Specifically, the goal of ACORI is to close the disparities gap between universities and academic medical centers that host clinical research, and the community practices in which patients receive care. Notable disparities between universities and community practices include access to clinical research, knowledge of clinical trials, and the ability to travel to where clinical trials are being held.
In the short term, however, Oyer describes several goals that ACORI hopes to accomplish.
“Through ACORI, we are first and foremost advocating for diversity for clinical trial participants, so that we can make sure that all Americans have equal access to the benefits of clinical research and developing education programs and resources in conjunction with sponsors that recognize the need to broaden eligibility criteria. Our second goal is capacity building. We’re working with our membership, to help them assess what’s needed in their own programs to be able to provide clinical trials to their patients,” he explained. “Our third goal is research diffusion. ACCC has many partners—many members across the U.S—[and] we work in partnership with community organizations, with academic programs, and we want to be a conduit to bring clinical trials from sponsors into our community sites across the United States.”
Several additional items from the report came out of the ACORI Call to Action Summit that were specific oncology programs:
Moreover, recommendations urged industry sponsors to consider identifying and partnering with programs catered to populations that are underserved and less likely to be included in research.
The ACCC also partnered with the American Society for Clinical Oncology roughly 2 years ago with the goal of increasing clinical trial participation among Black and Hispanic patients with cancer. To accomplish this, Oyer stated, a community needs assessment has been developed.
He stated, “We have piloted in over 50 sites across the United States a self-assessment tool [that allows] people [to] look at their own readiness for clinical trials and assess their own programs so that they can look for opportunities for improvement. We’ve also recognized the importance of implicit bias in terms of who gets offered a clinical trial and who doesn’t...We built on an existing training module from one of our members and we’ve piloted that at sites across the country as part of this project. We’ve learned that it is both effective and feasible to do implicit bias training as part of clinical trial program development.”
As Black History Month ends, both key opinion leaders shared their closing thoughts on the direction the oncology space needs to head in to move the needle forward for undeserved patient populations:
“My advice to community programs and to community oncologists would be [to join] ACCC and take advantage of our programs, start or expand your own research programs, diversify your staff, roll up your sleeves, and just get going.
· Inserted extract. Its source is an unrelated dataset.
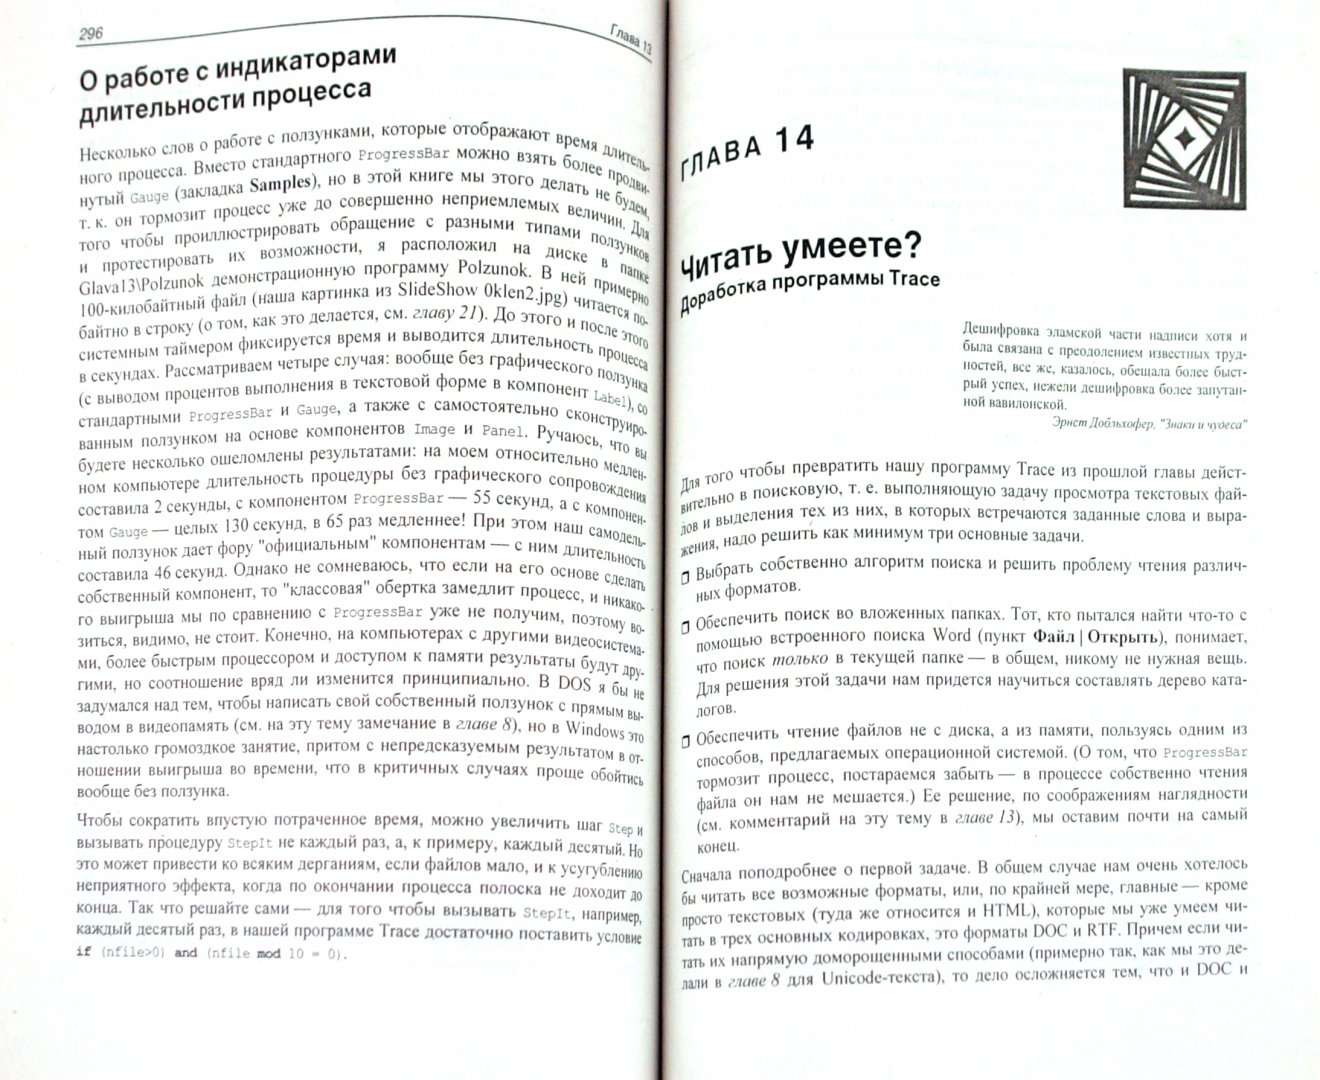 Иллюстрация 1 из 11 для Нестандартные приемы программирования на Delphi (+CD) - Юрий Ревич | Лабиринт - книги. Источник: Лабиринт

Start somewhere,” Oyer concluded
“I’d like [the oncology community] to know that we have a problem in our hands and we cannot ignore it. When you don’t include people of color, specifically Black Americans in your research and you publish your results, you are essentially not providing information that could be helpful to the population across the country. You are denying very useful information to a group where that was needed…Try as much as possible to diversify [clinical trial] groups. Try to have some of these ethnic concordances, whether it be with your coordinator or your nursing staff, your doctor’s, or your recruitment staff. Try to have some concordance so that people can at least talk to [others] that they can relate to. Look to educate the patients in a way that they will understand. Be compassionate,” Ukoha concluded.